3. THE POWER OF PERSONALITY
Is it fair that so many people pay more attention to their favorite rapper than their congressional representative? Maybe not. But it’s also a reality, and we can use it. If you’re even a halfway-successful artist, people are paying attention to you. People like some aspect of what you’re about. Maybe they just think you’re cute. Maybe they think you’re brilliant. Maybe they just like you because their friends like you– it doesn’t matter. Related to the other two points, this one is about taking advantage of your position as a beloved or semi-beloved public figure.

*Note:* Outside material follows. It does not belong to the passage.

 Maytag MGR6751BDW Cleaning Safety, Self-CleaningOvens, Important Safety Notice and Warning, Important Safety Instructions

This can be as simple as wearing a “vote no” t-shirt on stage or adding a political note on your Facebook page’s banner. Another great option is to record a simple video PSA about an issue that you’re passionate about and then share it widely. Here’s an example:
And I’ll be real: this isn’t about altruism. I don’t expect artists to do all this stuff out of the goodness of their hearts. It’s about building community and creating sustainable synergy: when you take a stand or get involved, that helps you and your career too. It opens up new audiences for you. It adds depth and substance to your artistic persona. It simply gets your name out there more. These are all positive things– everybody wins.

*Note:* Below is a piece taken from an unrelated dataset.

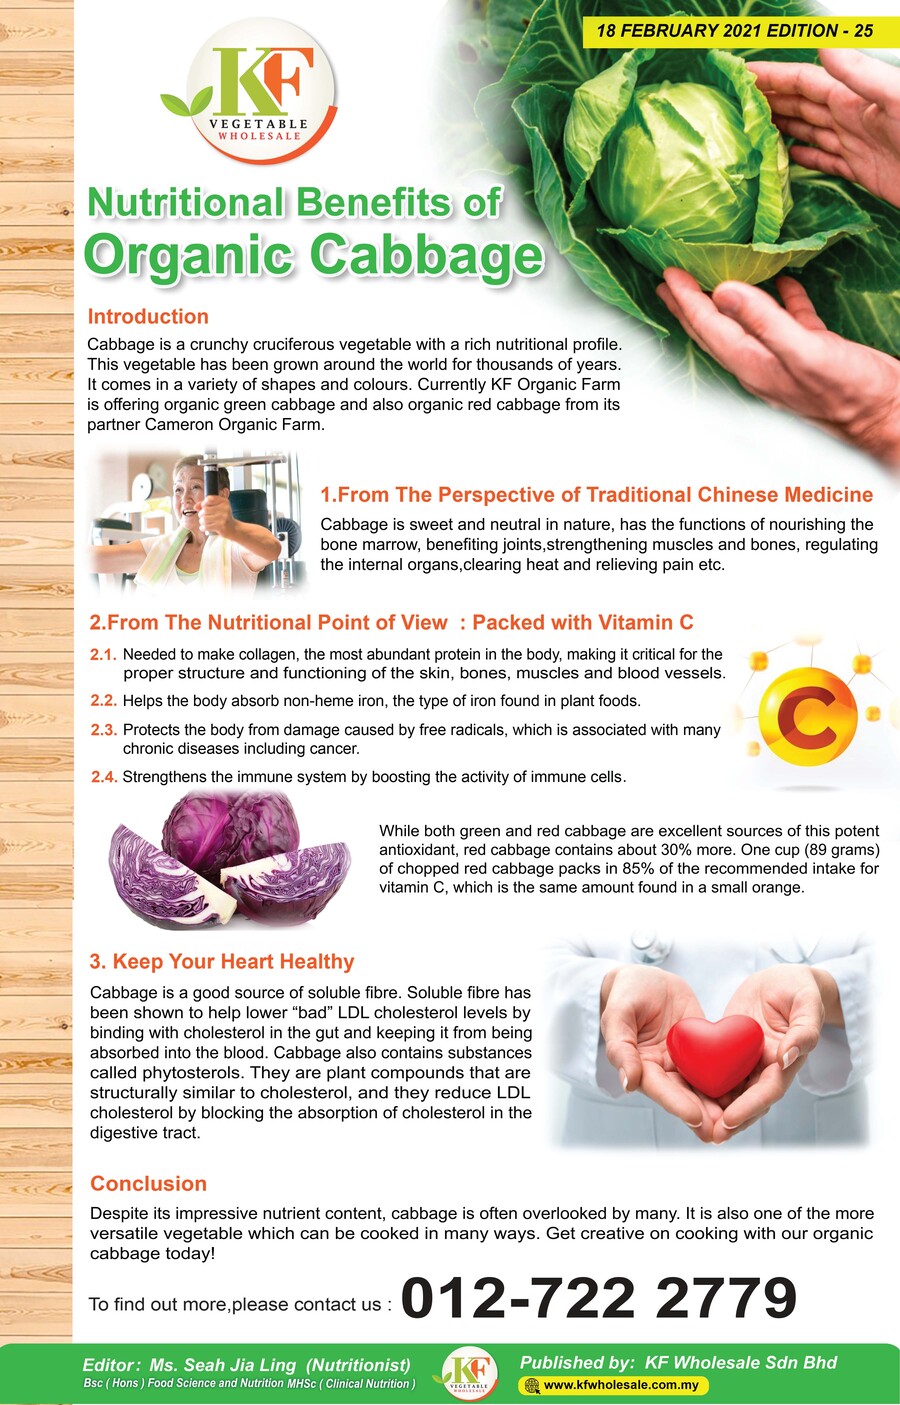 Nutritional Benefits of Organic Cabbage

A sold-out show at First Ave. that doesn’t include any of the above is a wasted opportunity. Even a lightly-attended show at Honey or the Nomad that doesn’t include any of the above is a wasted opportunity. It might still be a great show and a lot of fun– I’m just saying that as a community, we have the potential to do so much more.
I believe that artists are uniquely situated to have an impact on not just the upcoming election, but on the progressive movement as a whole (because let’s be real: there’s going to be a hell of a lot of work to do no matter what happens in November). But we have to be intentional. We have to be clever. We have to be proactive. Feel free to leave any other ideas or suggestions in the comments.